A restaurant in Deming, New Mexico is facing backlash after displaying a sign reading "Blame China" outside the doors of their establishment.
Restaurant operators Bob and Kimberly Yacone told TODAY Food that the sign is not meant to be directed at Asian people or the Asian American Pacific Islander (AAPI) community, with Bob Yacone, who is also the executive chef, stating that people who called the sign racist were "undereducated."
The restaurant, Forghedaboudit Southwest Italian, has been closed for about eight months due to staff shortages. Kimberly Yacone said that the sign went up a week ago, after customers kept approaching the restaurant while her husband was doing some work at the closed location.
"They kept getting angry with us that we were closed, and that we weren't open, and my husband basically said 'Hey, don't blame us, blame China," Kimberly Yacone said.
"It's nothing to do with Chinese people or Asian Americans, that's just ridiculous," said Bob Yacone.
"This sign simply replays the Trump administration’s tactic of dodging blame for its failures by playing to racial antagonism toward Asian Americans," said Peter Simonson, executive director at the ACLU of New Mexico, in a statement to TODAY. "We’ve seen how signs like this inspire hate and violence against the Asian community.

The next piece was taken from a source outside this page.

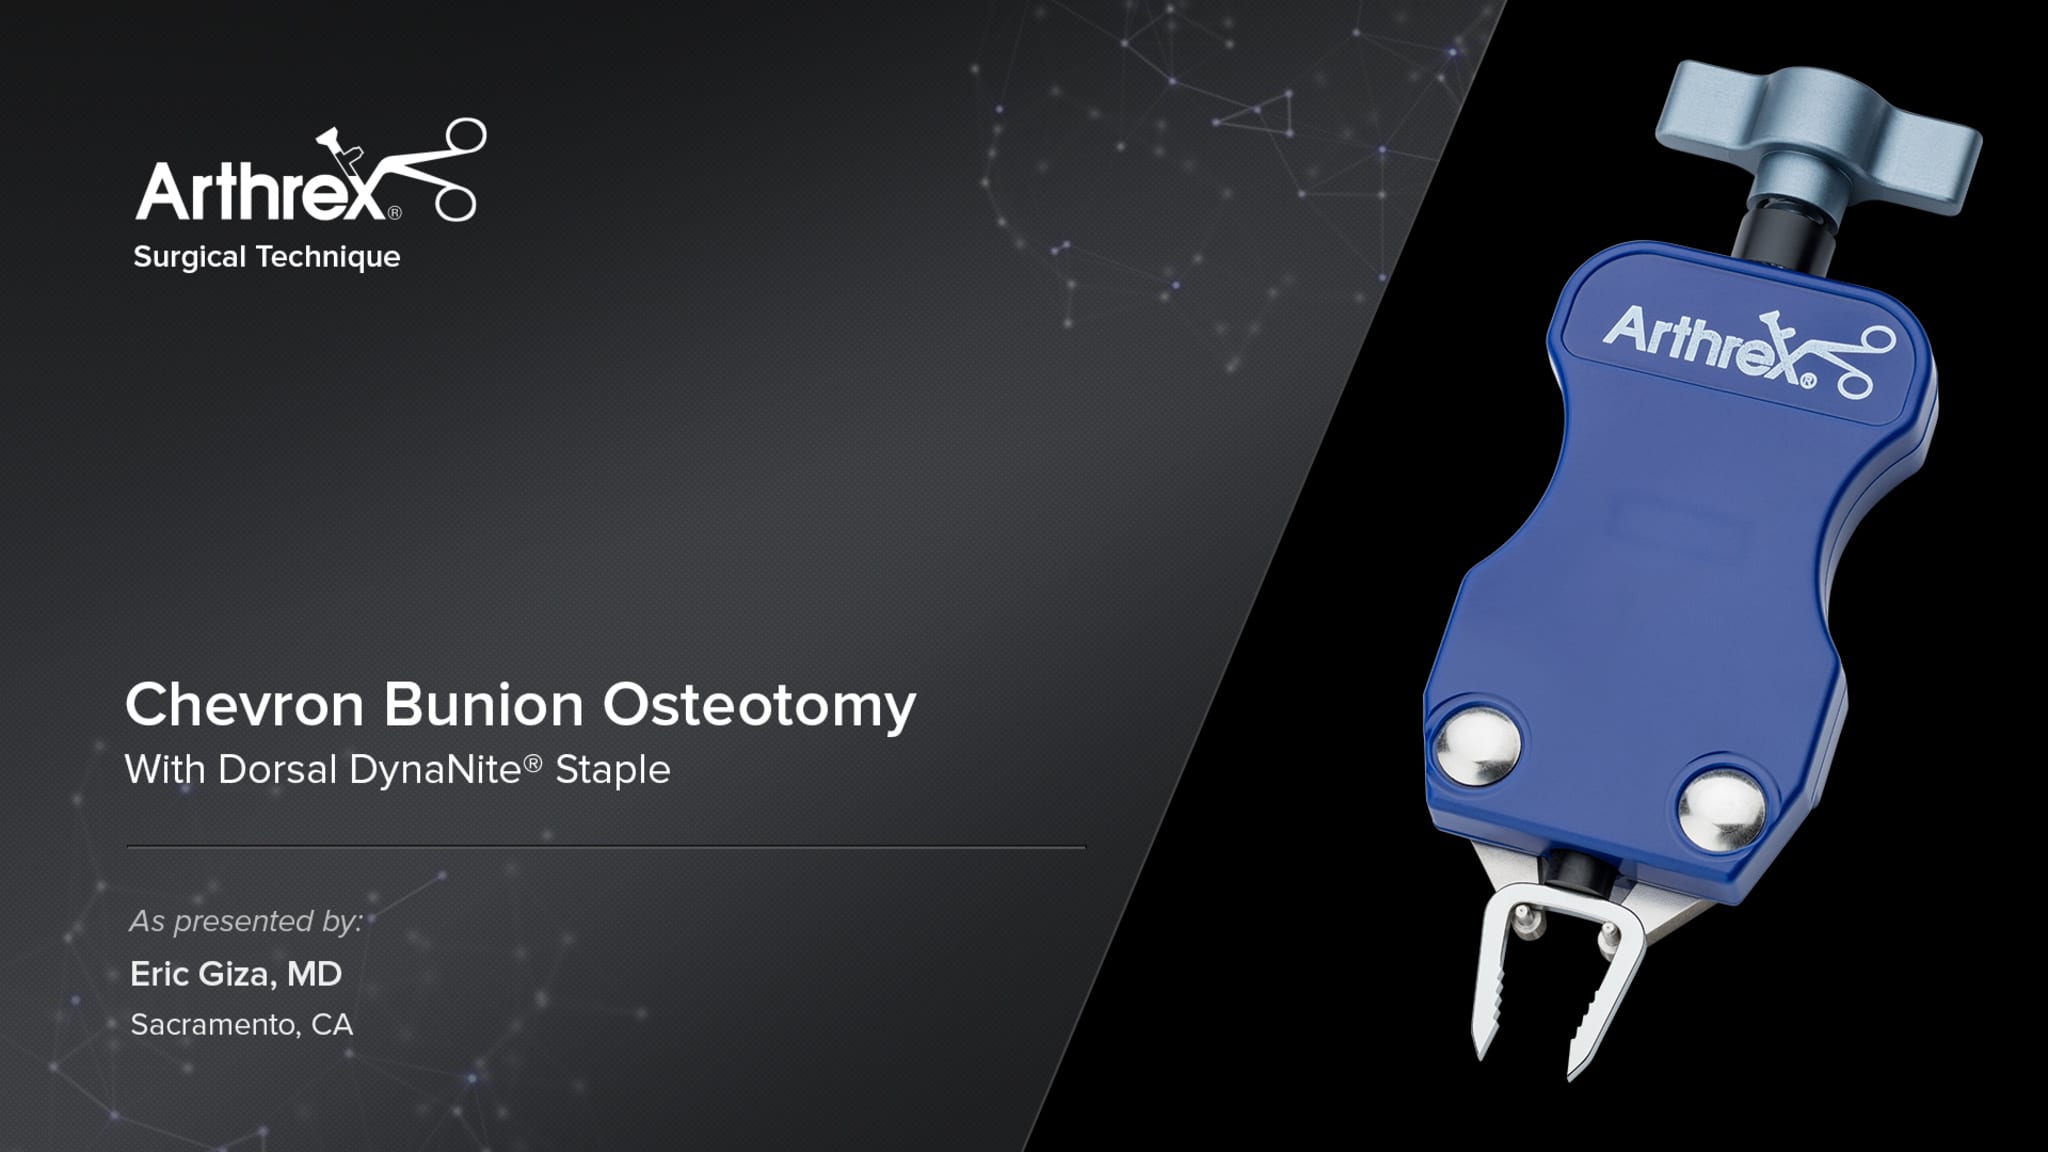 Chevron Bunion Osteotomy With Dorsal DynaNite® Staple

Instead of contributing to these kinds of divisions in our country, we should be pulling together to defeat the virus."
When asked why the sign suggested blaming China instead of the U.S. government or people who didn't return to work, Bob Yacone said that he was "not going to blame any employee" for the crisis, which he "truly" believes was created by the Chinese government.
"If China never was working on this in their lab and it never got out of the lab in China, we'd never be in the situation that we're in right now," said Kimberly Yacone, referencing an unconfirmed theory that the coronavirus was man-made. The World Health Organization (WHO) has said that it's "extremely unlikely" that the virus was made in a lab, instead saying it likely emerged in bats.

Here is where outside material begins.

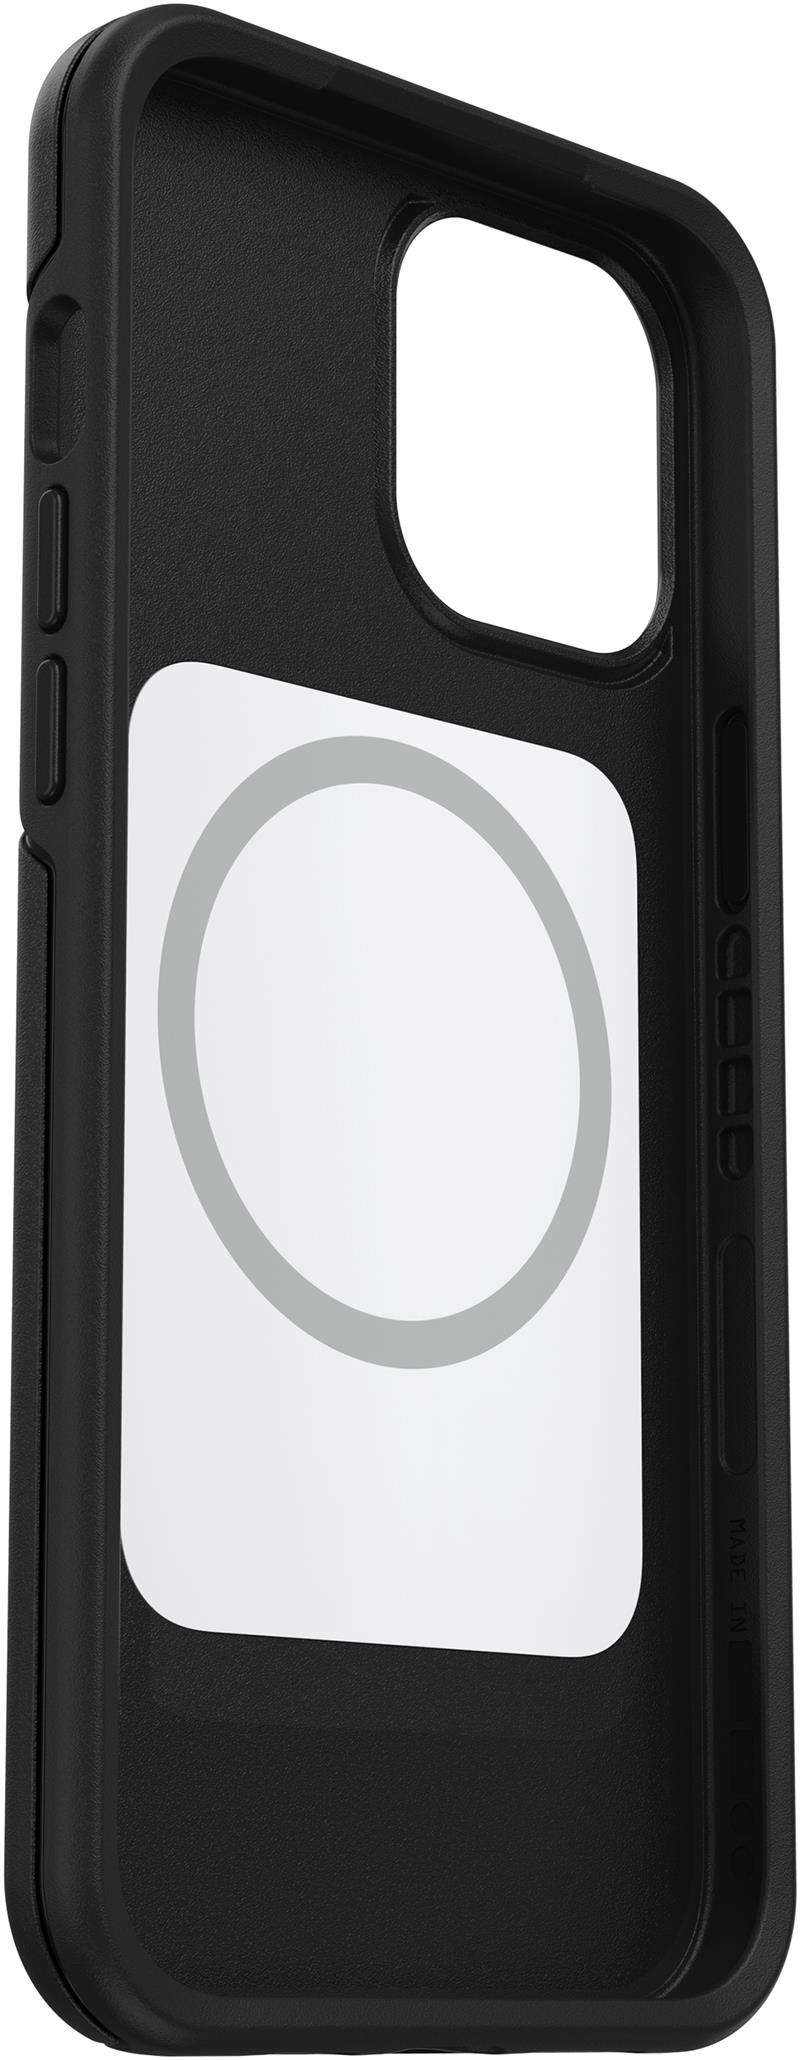 OtterBox Symmetry Case Apple iPhone 12 Pro Max Black

Amid the pandemic, restaurants have had difficulties staffing their establishments adequately. Some owners, including the Yacones, blame increased unemployment benefits. Bob Yacone also blamed the administration of President Joe Biden, even though the increased unemployment benefits began under former President Trump in March 2020.
"The government decided to let people stay home and pay them to stay home," said Kimberly Yacone. "That's what makes it tough when you're giving out extra benefits on top of the benefits, and then you don't even have to prove why you quit your job and the employer can't even go in and fight it. All they have to say is that they, they were let go because of COVID. ... It's not just us. It's everywhere."

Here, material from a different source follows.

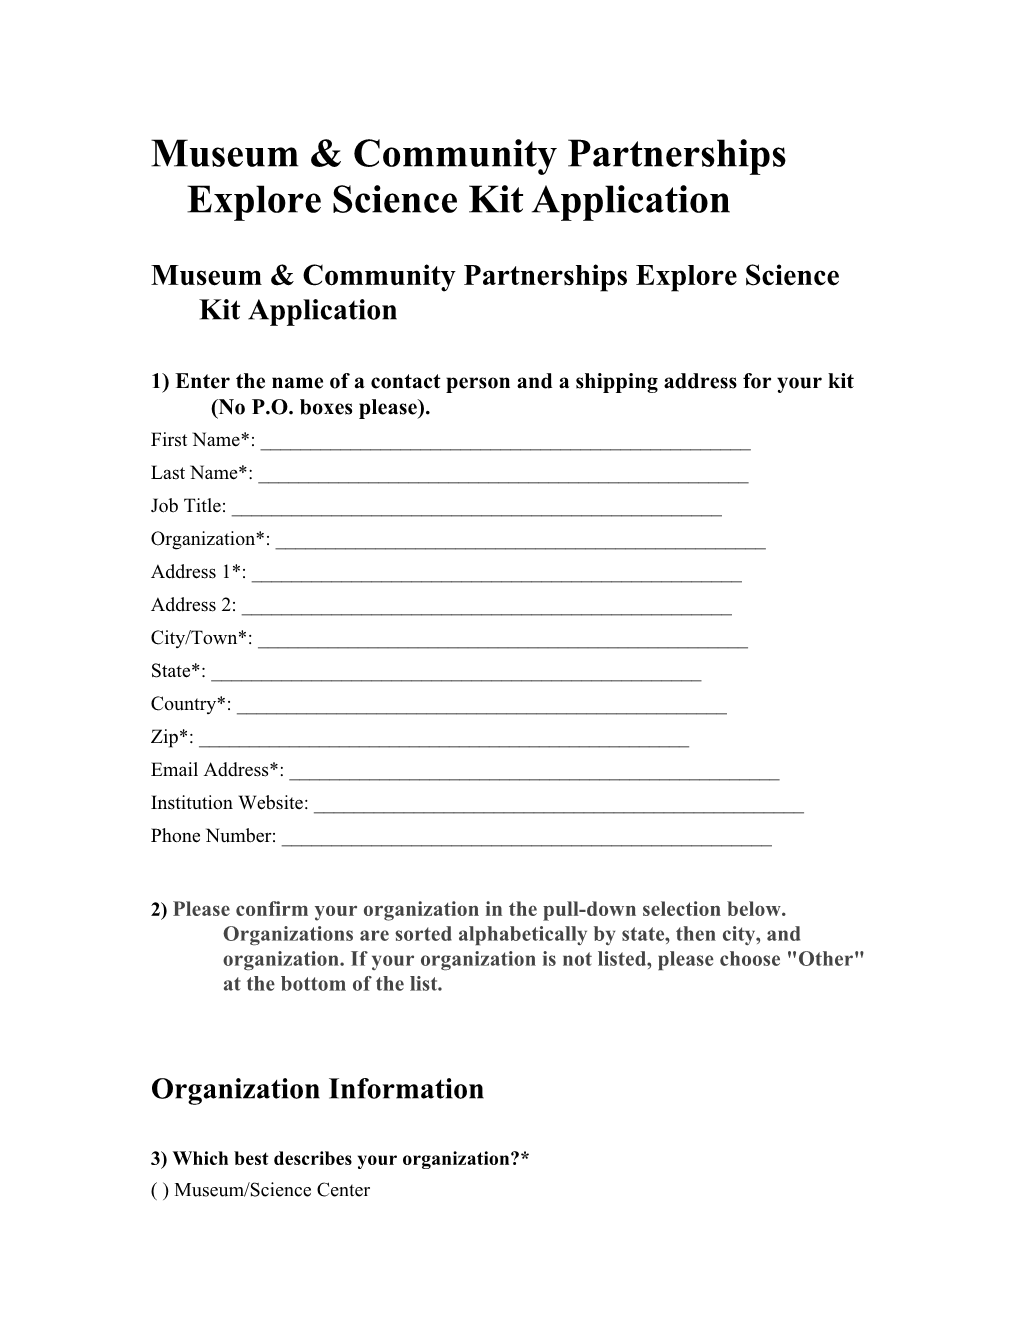 Museum & Community Partnerships Explore Science Kit Application

Bob and Kimberly Yacone said that they had had trouble staffing the Deming location of their restaurant even before the pandemic, because of the size of the town and its distance from other major cities. Another location in Las Cruces, which was opened during the pandemic, has been open five days a week.
Bob Yacone said that employees at the restaurant do make above minimum wage and criticized people who suggest a "rhetorical flashpoint" like the amount workers are paid.
"They have no clue what we're paying," he said, clarifying that servers make on average between $13 and $15 per hour. According to PayScale, the average hourly wage in Deming is $12.97, and the state's minimum wage is $9 per hour.
According to data gathered by investigative news outlet ProPublica, the Deming location of Forghedaboudit Southwest has received two loans under the government Paycheck Protection Program (PPP), a loan program created early in the pandemic to provide a direct incentive for small businesses to keep their workers on payroll.
The first loan, which was approved in April 2020, granted the establishment $43,509, for payroll; according to the database, that loan was disbursed. The second loan, which was approved in February 2021, granted the establishment $60,913, with $60,908 designated for payroll. The loan status is "not disclosed," and was granted during the time when the Deming location was closed. According to the database, the person who applied for the loan listed five jobs at the restaurant.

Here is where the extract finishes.